Er hatte sich ein für allemal Freitag angesagt, und Frau Walter lud an diesem Abend keinen andern ein. Er gehörte dem Liebling, ihm allein. Nach Tisch wurde Karten gespielt, man gab den chinesischen Fischen Futter, man lebte und unterhielt sich in der Familie. Manchmal packte Frau Walter hinter dichten Blättern im Palmenhaus, in einer dunklen Ecke plötzlich den Arm des jungen Mannes, drückte ihn mit aller Kraft an ihre Brust und flüsterte ihm zu: »Ich liebe Dich!

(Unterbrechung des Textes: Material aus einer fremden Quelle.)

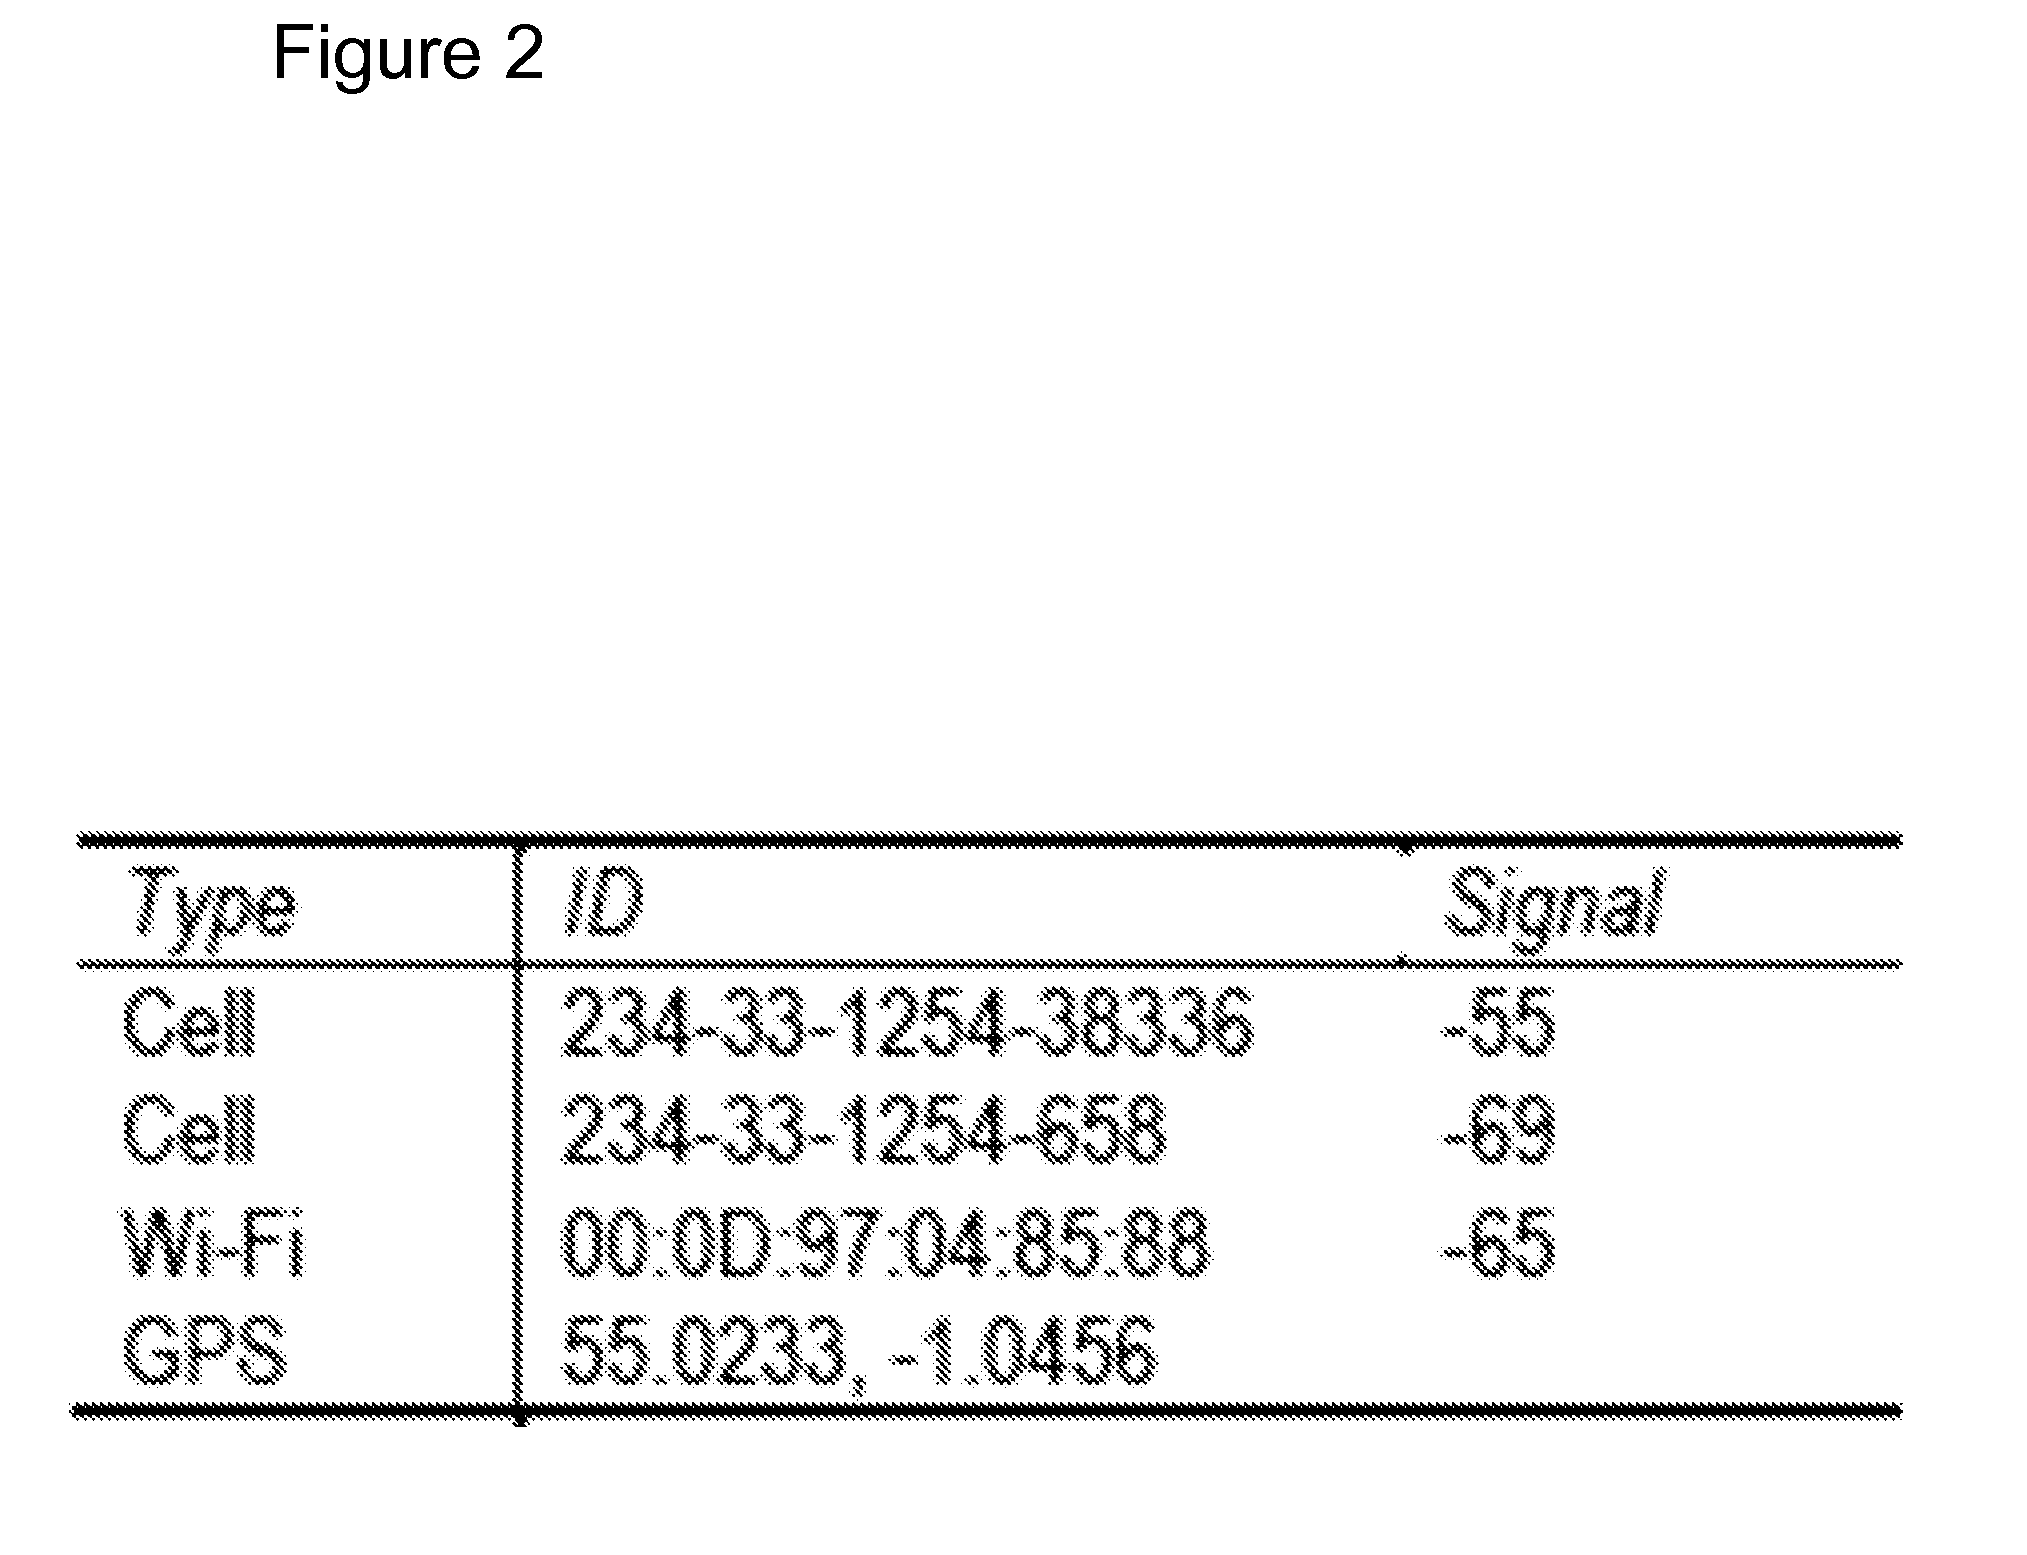 Method of building a database of mobile device beacon locations

Ich liebe Dich zum Sterben.« Aber immer stieß er sie kalt zurück und sagte trocken:
– Wenn Sie wieder anfangen, komme ich nicht mehr.
Gegen Ende März sprach man plötzlich von einer Verlobung der beiden Schwestern. Rosa sollte, wie behauptet wurde, den Graf Latour-Ybelin und Susanne den Marquis von Cazolles heiraten. Die beiden Herren waren Freunde der Familie geworden, denen man besondere Gunst, deutliche Vorrechte einräumte.
Georg und Susanne lebten in einer Art brüderlicher, freier Intimität, schwatzten stundenlang zusammen, machten sich über alle Welt lustig und schienen gern beieinander zu sein.
Sie hatten nie wieder von der Möglichkeit einer Heirat des jungen Mädchens gesprochen, noch von den Freiern, die etwa kamen. Als der Chef eines Tages Du Roy zum Frühstück mitgebracht hatte, wurde Walter nach der Mahlzeit abgerufen, um einen Lieferanten zu empfangen.
Georg sagte zu Susanne:
– Kommen Sie, wir wollen die Goldfische füttern. Sie nahmen jedes ein großes Stück Brot vom Tisch und gingen in das Palmenhaus.
Rund um das Marmorbecken herum lagen Kissen an der Erde, daß man am Bassin niederknieen konnte, um die Tiere aus der Nähe zu betrachten.
Die jungen Leute nahmen jeder ein Kissen, Seite an Seite und begannen Brotkugeln in das Wasser zu werfen, die sie zwischen den Fingern geformt.
Sowie die Fische es merkten, kamen sie dahergeschwommen, wackelten mit dem Schwanz, bewegten die Flossen, rollten die großen Stahlaugen, machten Kehrt, tauchten unter, um die runde Beute die zu Boden sank, zu erwischen und stiegen dann wieder in die Höhe um neue zu erwarten. Sie bewegten komisch den Mund, mit plötzlichem, heftigem Öffnen, wie seltsame kleine Ungetüme, und ihr brennendes Rot stach von dem Goldsand des Grundes ab, sie huschten Flammen gleich durch die durchsichtige Flut, oder zeigten, wenn sie still hielten, das goldblaue Geäder an den Schuppen.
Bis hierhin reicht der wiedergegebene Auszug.